Viewers first meet Tom in episode one, how does he meet the housemates?

Tom is doing the circling of the chickens [done by werewolves on transformation night] and he bumps into somebody else, George, who's also circling the chicken in the woods so it's a bit like: "What the hell is this?"

Tom has always been led to believe that him and his father are in constant search of the pack, so he sees George and thinks maybe this is part of the pack. He runs to his dad and his dad is like: "No, no, no you are not going anywhere near him, I don't want you anywhere near these people."

What was it like filming the transformation scenes?


I found that if you hold back you are going to look like a muppet, it's not going to look great at all, so I really just went mental. I just hit that deck and screamed and wriggled. I don't even remember how I did it, or what I did. Everything that I was taught beforehand went out of the window, because I was taught by a lady who choreographed the actual transformation, but I didn't listen to her, I just said: "Alright love" and then when I got to the day I did my own thing, really. But it's half enjoyment, half serious pain.

Is it nerve-wracking doing those kinds of scenes, or do you quite enjoy it?

Well, I think it's great. I like scenes where you can scream your heart out because it is a release and once I have done it I feel wonderful, it's as though I have had a big emotional hit.

When we were doing one scene I kick off against the vampires. I was surrounded by all these vampires and Colin the director whispered in my ear: "On this one mate, go mad. You see all these vampires screaming and your dad comes walking in the room. I want you to get confident and just go mad." And I did, I went absolutely ape and I felt great after it. But then they said: "Right, let's do another one."

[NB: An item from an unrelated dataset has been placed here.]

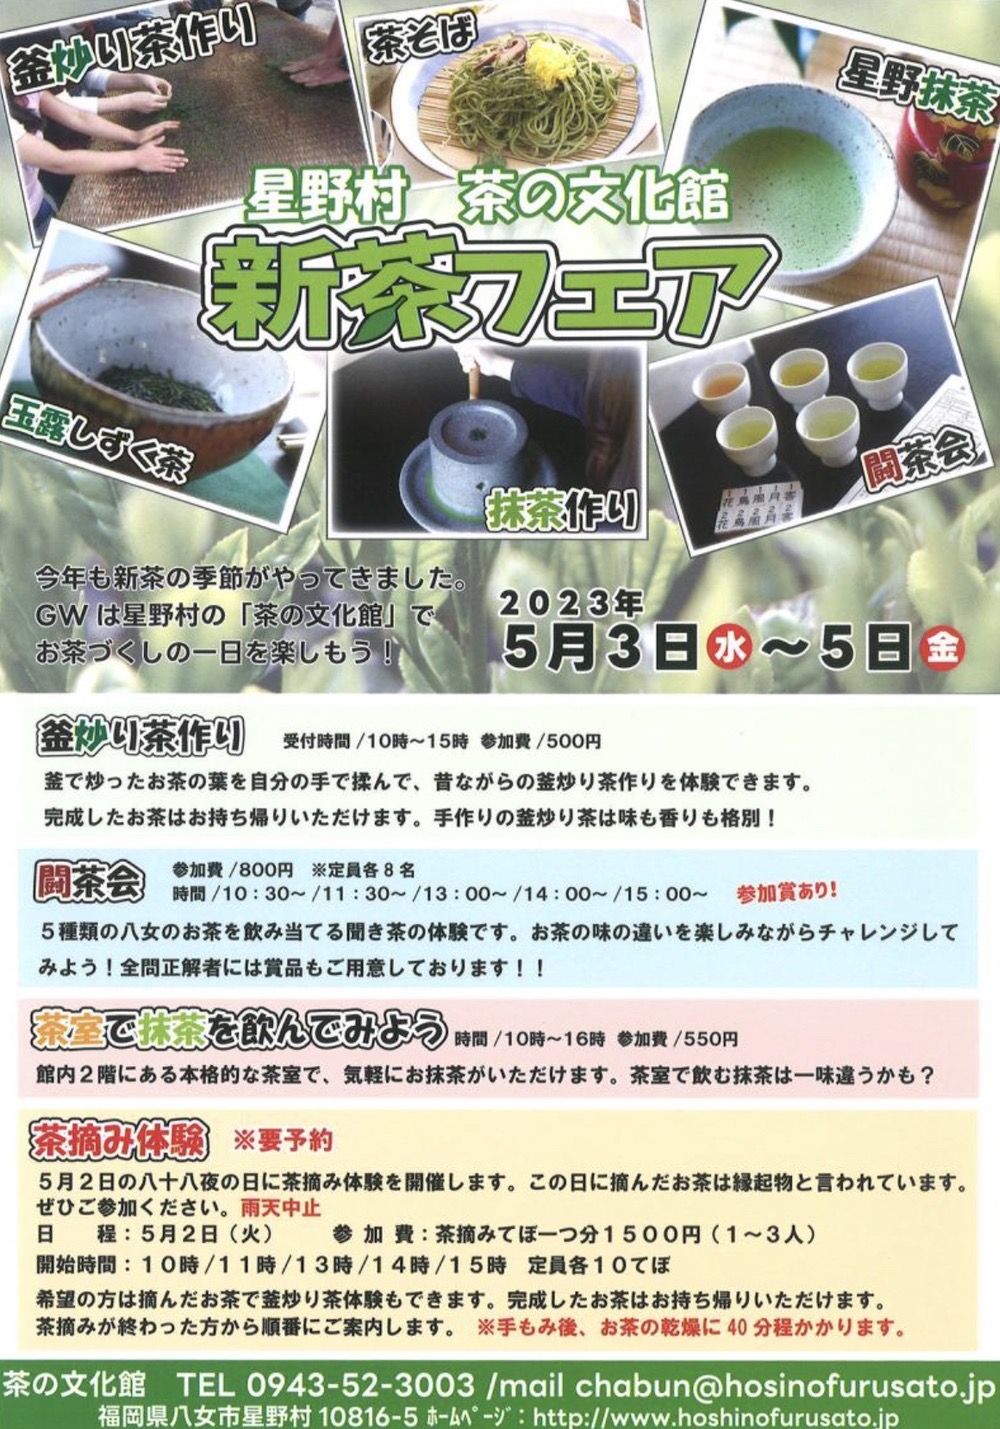 星野村 茶の文化館 「新茶フェア」イベント内容

I did two and it was just wonderful to do, it was amazing. Honestly, without exaggerating or sounding clichéd, it really is therapy.

What was it like working with Robson Green, as you work very closely with him because he plays your dad?

It was wicked. I was a bit nervous before I met him because I thought he is massive! He's a star, my mum really fancies him! But then within minutes of meeting him I was reassured by his wonderful personality. When he is on that set he's always got something to say about the situation that's relevant for me and him and I listen to him whether he is talking to me or not.

And I think: "He is right, actually." I learnt quite a lot from him when he did his transformation. I watched him first during the rehearsals and I thought: "Oh, I've got to do that." With his reassurance and performance I managed to do the transformation nearly as good as his.

What's the atmosphere like on set?


It's just a laugh when we are not working. Russell makes me laugh so much, he is very funny. It's comforting, like I said I was nervous but every single one of them just made me feel good and easy, so I felt like I fitted in straight away and everybody else who works there, like all the crew, are just magnificent, they have really embraced me.

How would you describe this series to fans of Being Human and for people who have not seen it before, what can they expect next?


There is always an undercurrent of something awful just waiting to happen in this one, I think, just little awful, awful things.